Manganese superoxide dismutase suppresses hypoxic induction of hypoxia-inducible factor-1α and vascular endothelial growth factor

Abstract

Hypoxia-inducible factor-1 (HIF-1) is a transcription factor that governs cellular responses to reduced O₂ availability by mediating crucial homeostatic processes. HIF-1 is composed of an HIF-1α subunit and an HIF-1β subunit. HIF-1α is degraded following enzyme-dependent hydroxylation of prolines of HIF-1α in the presence of molecular oxygen, Fe²⁺, α-ketoglutarate, and ascorbate. These cofactors contribute to the redox environment of cells. The antioxidant enzyme manganese superoxide dismutase (MnSOD) also modulates the cellular redox environment. Here we show that MnSOD suppressed hypoxic accumulation of HIF-1α protein in human breast carcinoma MCF-7 cells.

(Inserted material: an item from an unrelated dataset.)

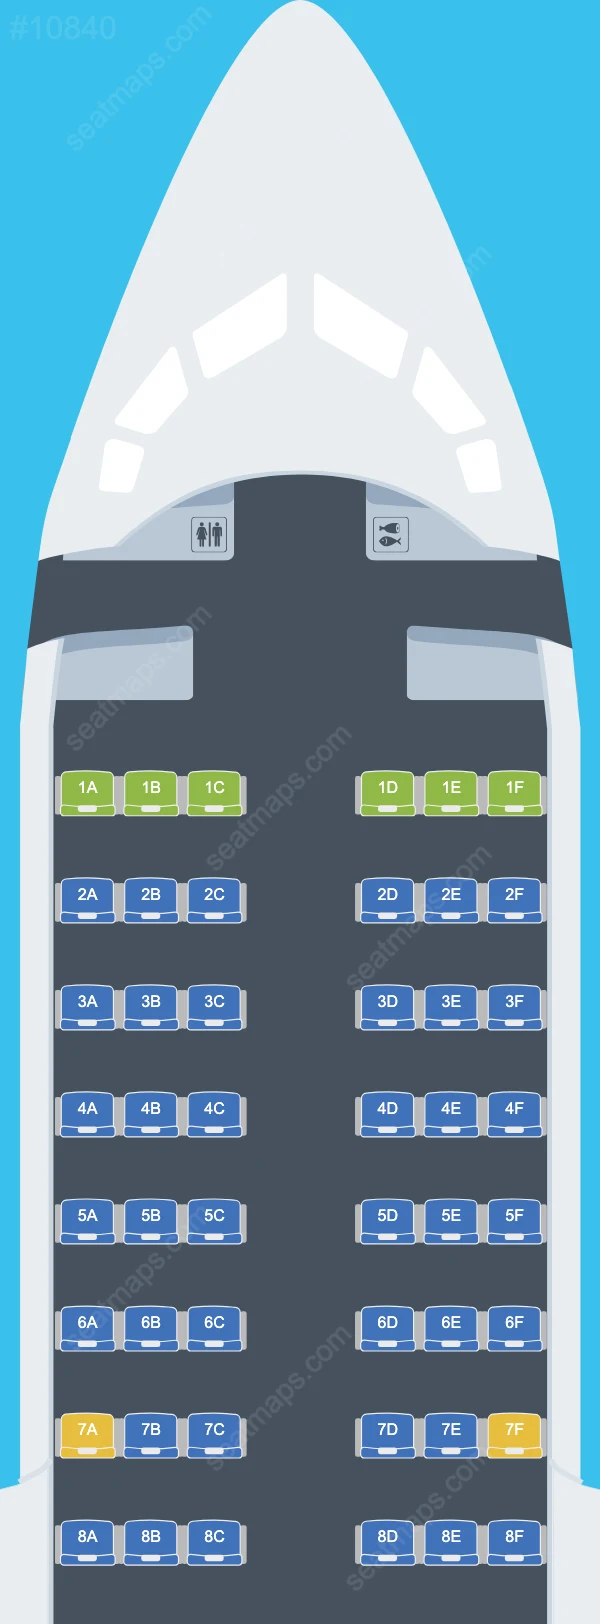 EcoJet (Linea Aerea EcoJet) Avro RJ100 Avroliner Seat Maps RJ100

This suppression was biphasic depending on MnSOD activity. At low levels of MnSOD activity, HIF-1α protein accumulated under hypoxic conditions. At moderate levels of MnSOD activity (two- to six-fold increase compared to parent cells), these accumulations were blocked. However, at higher levels of MnSOD activity (>6-fold increase), accumulation of HIF-1α protein was again observed. This biphasic modulation was observed under both 1 and 4% O₂. Coexpression of mitochondrial hydrogen peroxide-removing proteins prevented the accumulation of HIF-1α protein in cells with high levels of MnSOD; this effect demonstrates that the restabilization of HIF-1α observed in high MnSOD overexpressors is probably due to hydrogen peroxide, most likely produced from MnSOD. Hypoxic induction of vascular endothelial growth factor (VEGF) protein was also suppressed by elevated MnSOD activity and its levels reflected HIF-1α protein levels. These observations demonstrated that HIF-1α accumulation and VEGF expression could be modulated by the antioxidant enzyme MnSOD.